I have to wait a few more years mine is only 5 and while I have taken him during the regular season he not big enought yet. Another 3 or 4 more years and I'll be out there letting him shoot. 
good luck to all


----------



## zpyles_00 (Dec 15, 2004)

My lil boy is only 2months so he has quite a wait, but ive already seen to it that he has a fully camoflauged outfit and a lil toy duck call ! SOO CUTE


----------



## Parrothead (Apr 15, 2004)

Big Chessie:
I know you had the boy out this weekend. Let us know how it went. I hope he nailed some good birds.

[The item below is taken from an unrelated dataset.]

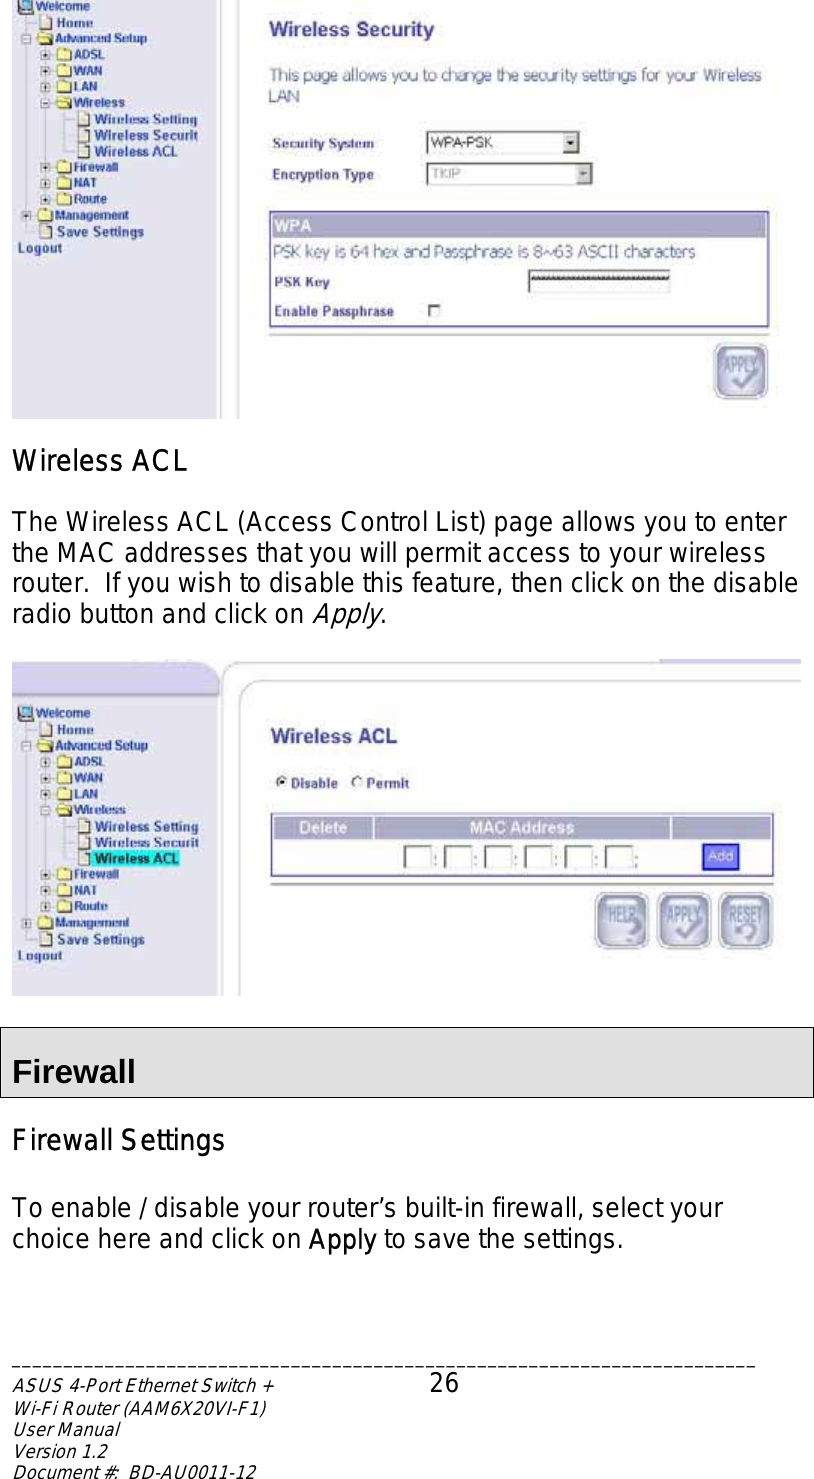  Wireless ACL  The Wireless ACL (Access Control List) page allows you to enter the MAC addresses that you will permit access to your wireless router.  If you wish to disable this feature, then click on the disable radio button and click on Apply.    Firewall Firewall Settings  To enable / disable your router’s built-in firewall, select your choice here and click on Apply to save the settings.  ________________________________________________________________________ASUS 4-Port Ethernet Switch +  26 Wi-Fi Router (AAM6X20VI-F1) User Manual                                                                         Version 1.2 Document #:  BD-AU0011-12  
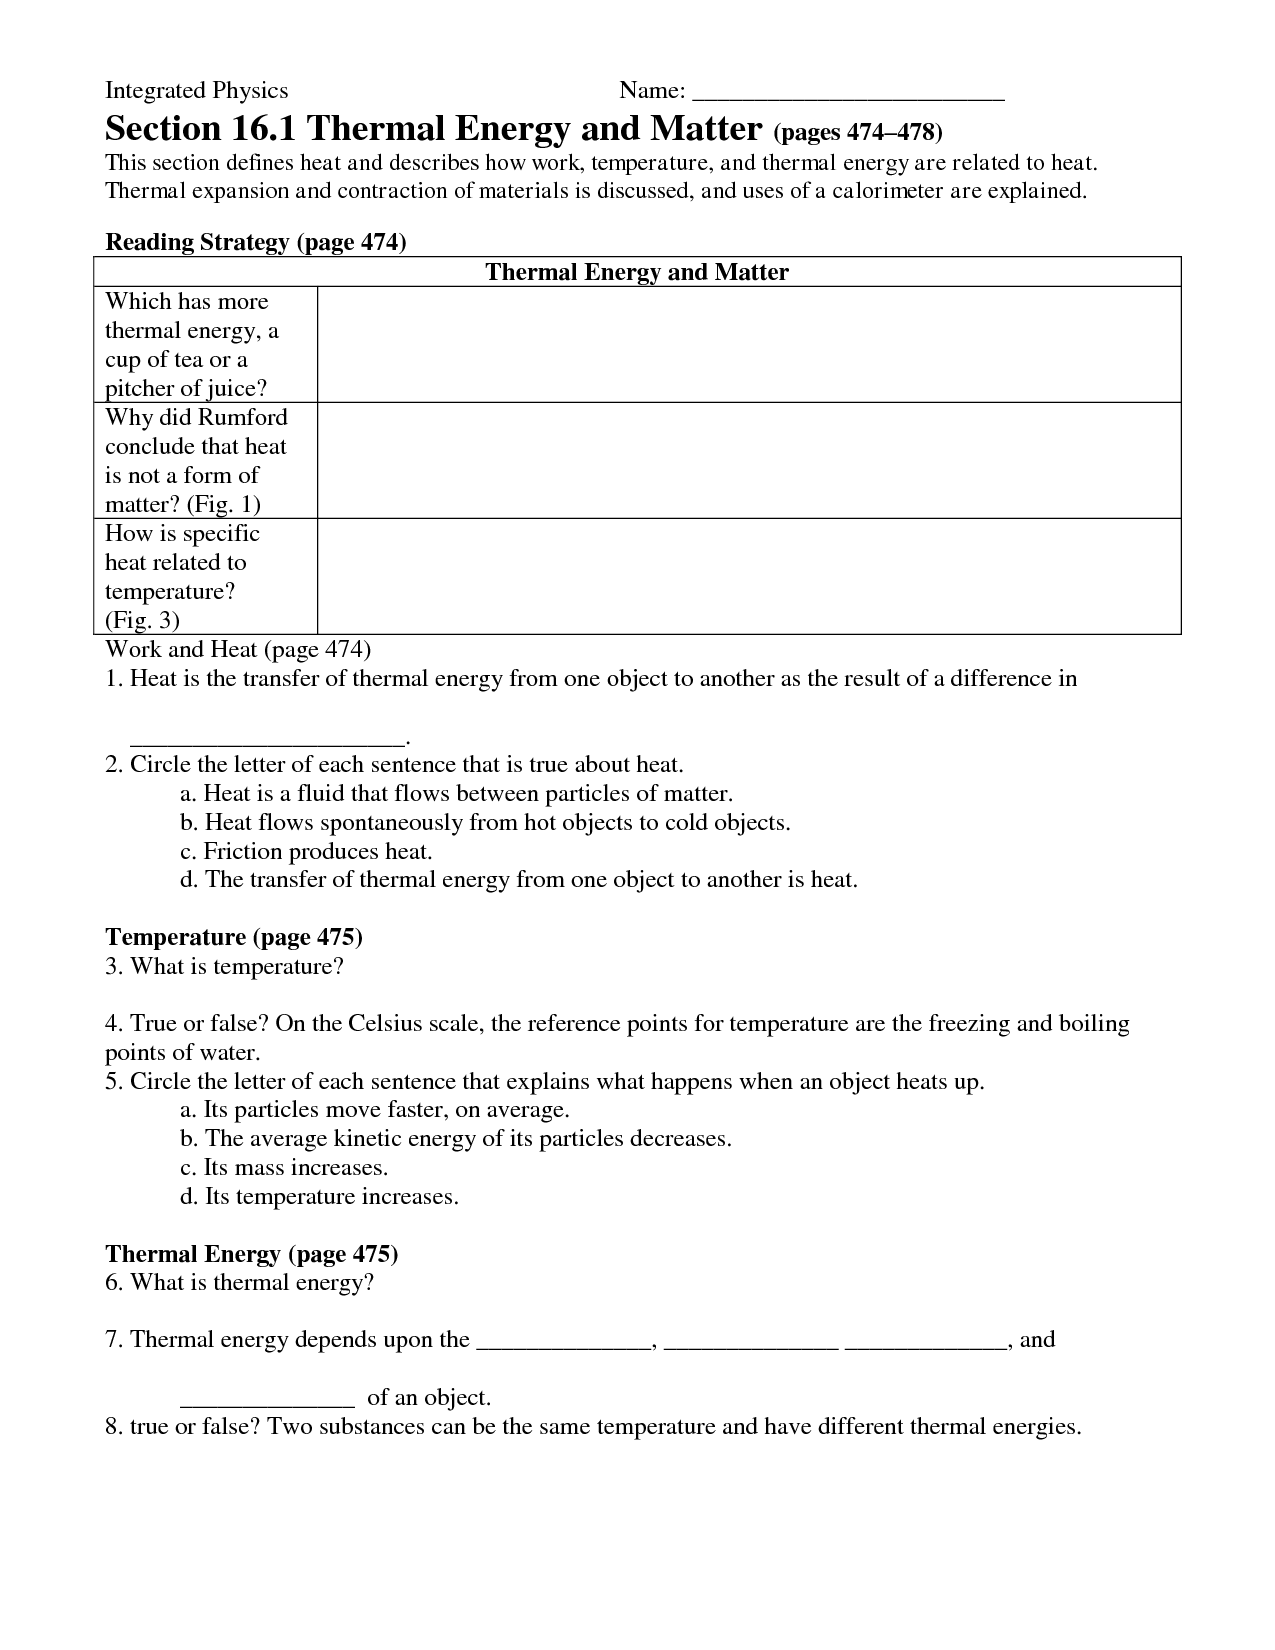 Heat and Thermal Energy Worksheet Answers Image

Weather was B-E-A- UTIFUL for ducks cool, spitting rain.. .man if does this next weekend..woooohoooo!!!


----------



## CHOPIQ (Apr 6, 2004)

A friend of mine took his son out in St Marys this weekend and he got 3 mallards before 11. Said the ducks were flying all day long.


----------



## zpyles_00 (Dec 15, 2004)

Was fishing on Indian Lake all weekend, don't know anyone who was out for the youth hunt, but there sure was alot of boomin goin on this weekend, birds were flying good, specially sunday. I pray for Sundays weather this coming weekend ! Sounds like it is supposed to warm up & clear up by then though...


----------



## BigDave (Jun 3, 2004)

Took my 9 yr old son out Saturday and Sunday. Saturday he limited on geese and missed about a dozen woodies and teal. Sunday never saw a mallard and he missed 6 or 8 woodies. Told him not to feel bad , last season opener dad shot box of shells and came home with 2 or 3 ducks


----------



## zpyles_00 (Dec 15, 2004)

Congrats to your son! I'm sure dad is proud too. You know after that first bird, you have created a monster LOL Hooked for life. Cant wait till mines old enough, still got A LONG wait though. Congrats to both of you again.


----------



## mojo (Apr 12, 2004)

man that thing is almost as big as he is. Is that a 20 gauge? Heck of shot on the geese if it is. I remember my first hunt, 7th grade, 20 gauge o/u, two boxes of shells and a total of 2 teal, man did I have fun.


----------



## beatsworkin (Apr 12, 2004)

That is great! I'm sure you both will remember that for a long time to come!


----------



## BigDave (Jun 3, 2004)

Litle brother had it and volunteered to let him use it. Its a K-Mart Corp not sure who made it but it only shoots 2 3/4" shells. Managed to find some #4's. He peeled it out of a flock of 20 or so that went right over us about 15 yds up. He squealed with delight when it fell.


----------